第34章 你的好友护妹狂魔上线了(三十三)() 
林宛萱简直恨不得撕了乔薇那张阴损恶毒的嘴。

    两个月前

    她想起来了,那次她在酒店门口遇到了薛辞,薛乔薇的哥哥,难道那时候薛乔薇也在酒店?

    事情根本不是乔薇说的那样,这阴险的女人竟然故意误导旁人!

    林宛萱只是太缺钱了,虽然贫困补助金、兼职做家教得的酬劳,以及网上不知名好心人捐助的二十万块钱还剩下了不少,但她实在穷怕了。

    那个每月及时打款的好心人突然终止了资助,林宛萱的生活费没了着落,她试图联系对方,询问对方好好的为什么不给钱了,可发出去的消息却石沉大海,她对对方一无所知,人家不想给钱,她根本找不到人。

    林宛萱没了进账,手里攥着一笔积蓄不敢乱用,总怕被家人查到,逼她全部交出来给她爸看病。

    当然林宛萱不是不想让爸爸早点好起来。

    只是,爸爸受的是工伤,这钱理当由承包方出,眼看着赔偿款拖了半年了,林母狮子大开口要价两百万,承包方不肯答应,林母就去找发包方的麻烦,还找人像模像样地写了份起诉状,把发包方和承包方告到了法院,开庭时间定在好几个月之后,等到宣判和执行,还不知道要多久去了。

    林宛萱想的是,她妈可以借到医疗费,即便她不拿出钱来,也不会耽误爸爸的病情,可一旦交出钱,自己少了经济大权没了说话的底气不说,说不定还会影响到法院对赔偿款项的认定。

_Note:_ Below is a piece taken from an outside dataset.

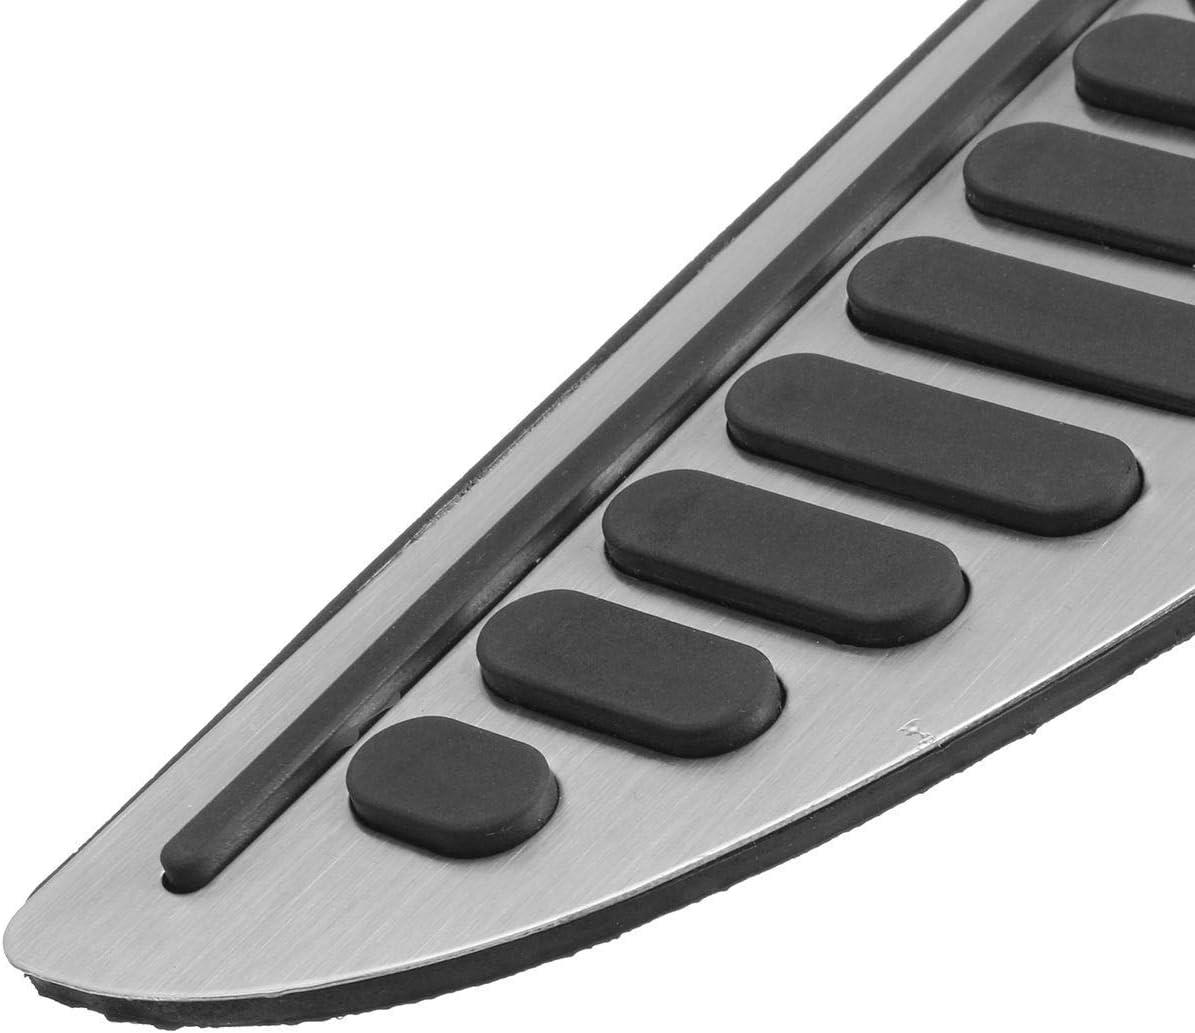 Tiamu Coche No Taladro Antideslizante Reposapi/és Reposapi/és Pedal Cubierta Adhesivo para Focus Fiesta Mondeo Accesorios de Coche
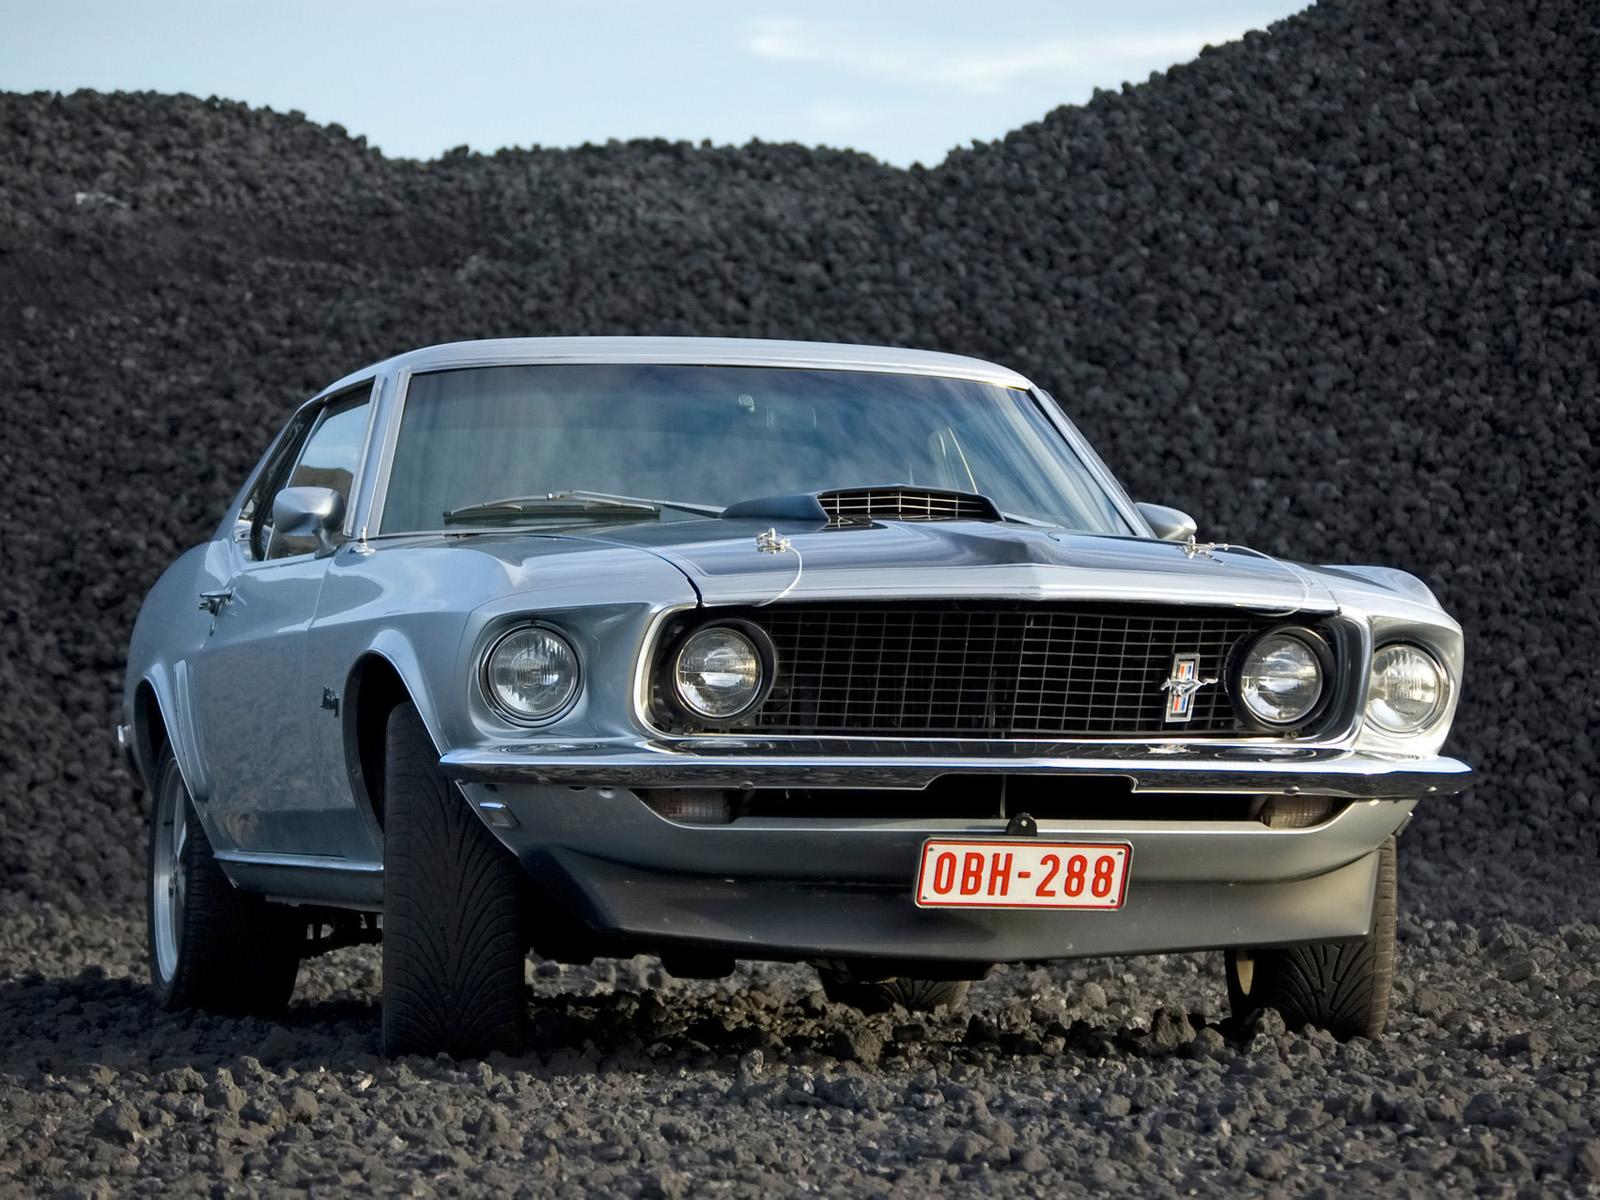 1969 ford mustang hardtop gravel front angle 1600x1200 jpg

    试想想,一个家徒四壁总资产负债十几万的受害人,和一个手里握着几十万的受害人,自然是前者更容易博取同情啦。

    林宛萱真的是穷怕了,觉得做家教一小时才200块,还不够买一罐护肤品的,酬劳太低了,便经人介绍去了那家高档酒店做客房小妹,每天只要工作两个小时,就能得到500块钱的工资。

    她肯吃苦又惯于讨巧,隔三岔五还能得客人赏几千几百块钱的小费,比家教来钱快多了。

    唯一不好的是,有时候她收拾客房时,会遭到不怀好意的客人骚扰。

    乔薇说的,正好是林宛萱受到骚扰的那天。

    那天要不是常安出面把人给赶跑,只怕她早就

    你以为林宛萱会因此对常安感激涕零,以身相许吗?

    不,林宛萱的确是感激常安挺身而出的,但同时,她对常安也有一点小小的埋怨。

    就因为常安冲动之下揍了人,林宛萱丢掉了这份高薪的工作。

    林宛萱知道这事怪不得常安,但她心底对常安彻底失望了,原本还以为这个男人可靠,其实他就是个毛毛躁躁的小伙子,跟稳重成熟一点儿都挂不上钩。

    说回正题,林宛萱知道乔薇污蔑了自己,但她偏偏没法说出来。

    毕竟,好好的大学生不做家教,却去酒店做什么客房小妹,这本身就是一件特别容易招人误会的事。

    如果有心人去查,肯定能查到她被骚扰的事情。

    但性(和谐)骚(和谐)扰这种事吧,社会舆论并不会因为她是受害者而偏袒她半分,很多人都秉承着“苍蝇不叮无缝的蛋”的“受害者有罪论”,将所有罪过都推到被骚扰的那个人身上来。